Do these primers all have the same barcodes? i.e., does sample A use the same barcode on both sets of primers? Or do the different primer sets have unique barcodes? I ask because it would probably make the most sense to demultiplex and analyze these as separate data sets if possible. Having a mixture of different primer regions in the same data set may cause issues when denoising with dada2 (assuming that is what you did). It would also seriously complicate classification, since many of the reads would (should) be unassigned when classifying with a given classifier.

You can follow the tutorial for training a feature classifier on a specific amplicon region. For each of your primer pairs, you can generate a tailored classifier with that amplicon region extracted. Just choose your reference database of choice.

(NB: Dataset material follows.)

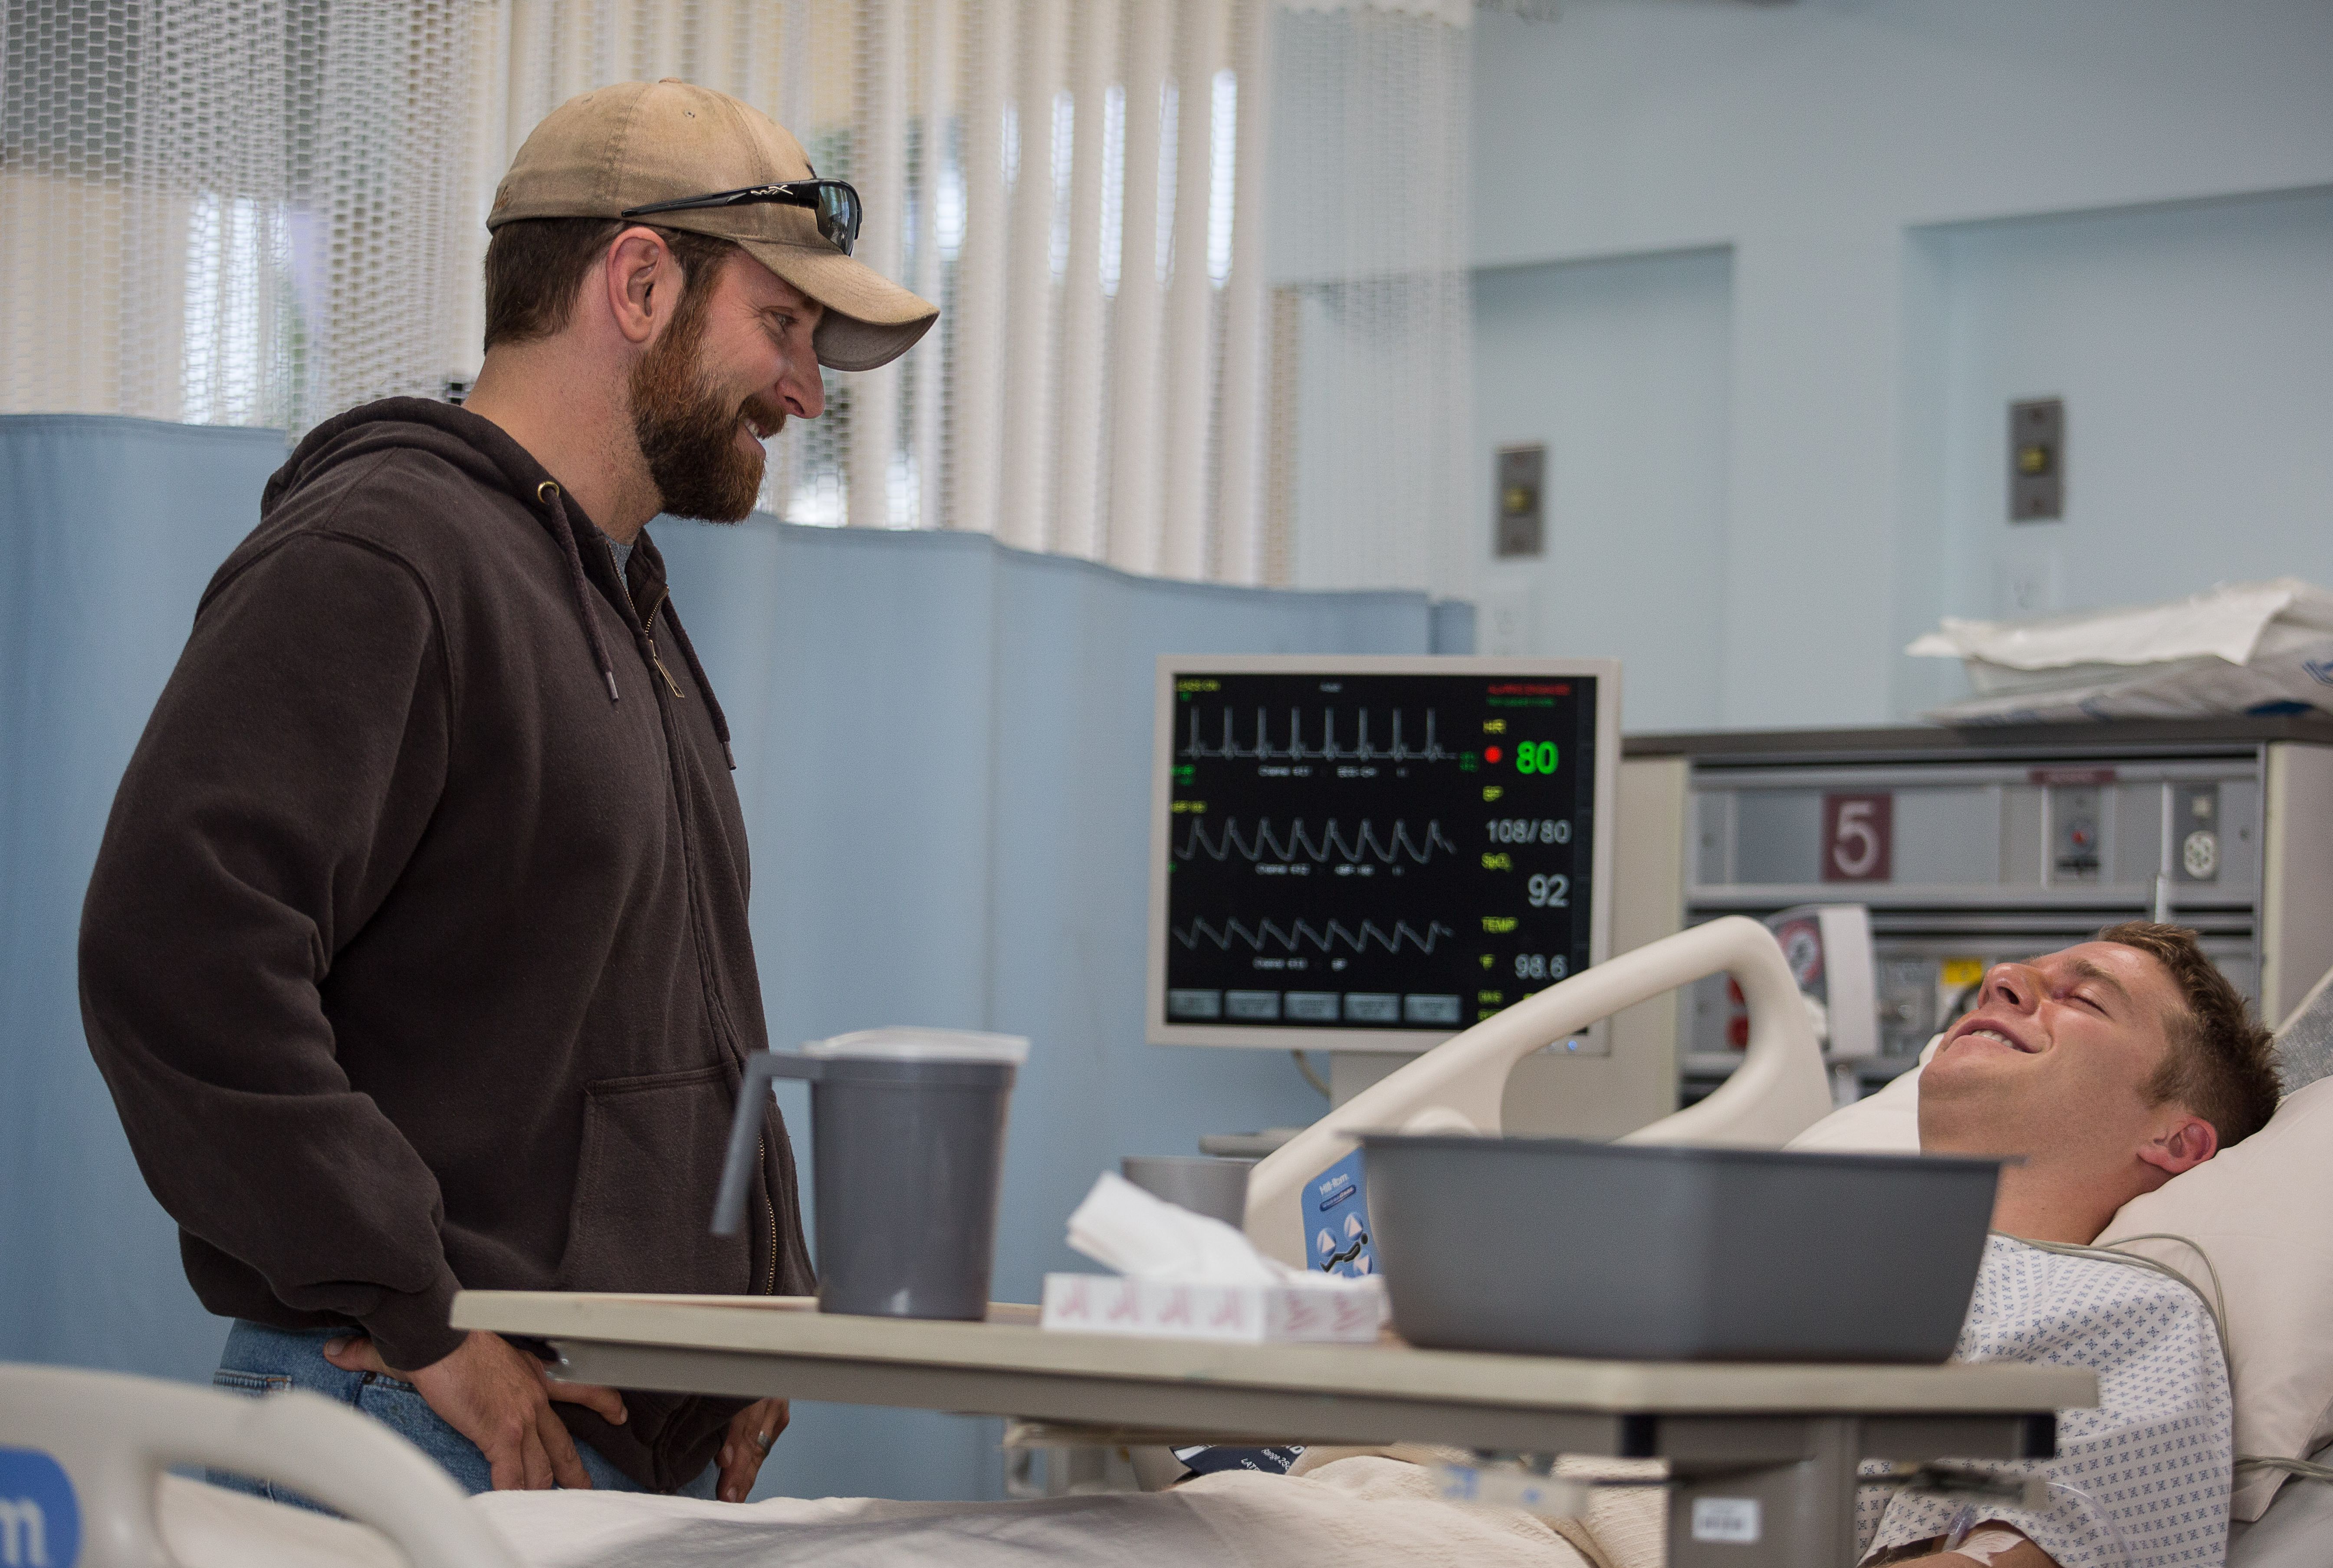 Bradley Cooper visits Jake McDorman in the hospital - Americ

For 16S rRNA genes, you can just use the full-length Greengenes classifier that is provided on the qiime2 site instead of trying to train a new one. There is a very slight decrease in accuracy (i.e., a classifier trained on your exact sub-domain is slightly more accurate) but in my experience the difference is not so extreme that it is imperative (e.g., if your computer lacks the memory to train a large classifier).

The other post that I linked to above has some specific notes you may find useful for training an ITS classifier — specifically, if you use the UNITE database make sure to use the "developer" version (it's included in the regular downloads in a separate directory. the "normal" version has the ITS domain itself extracted, which may trim off primers that are present in the rRNA subdomains that bracket the ITS)

I hope that helps! Let me know if the path forward is still unclear

system · January 21, 2018, 1:44am

This topic was automatically closed 31 days after the last reply. New replies are no longer allowed.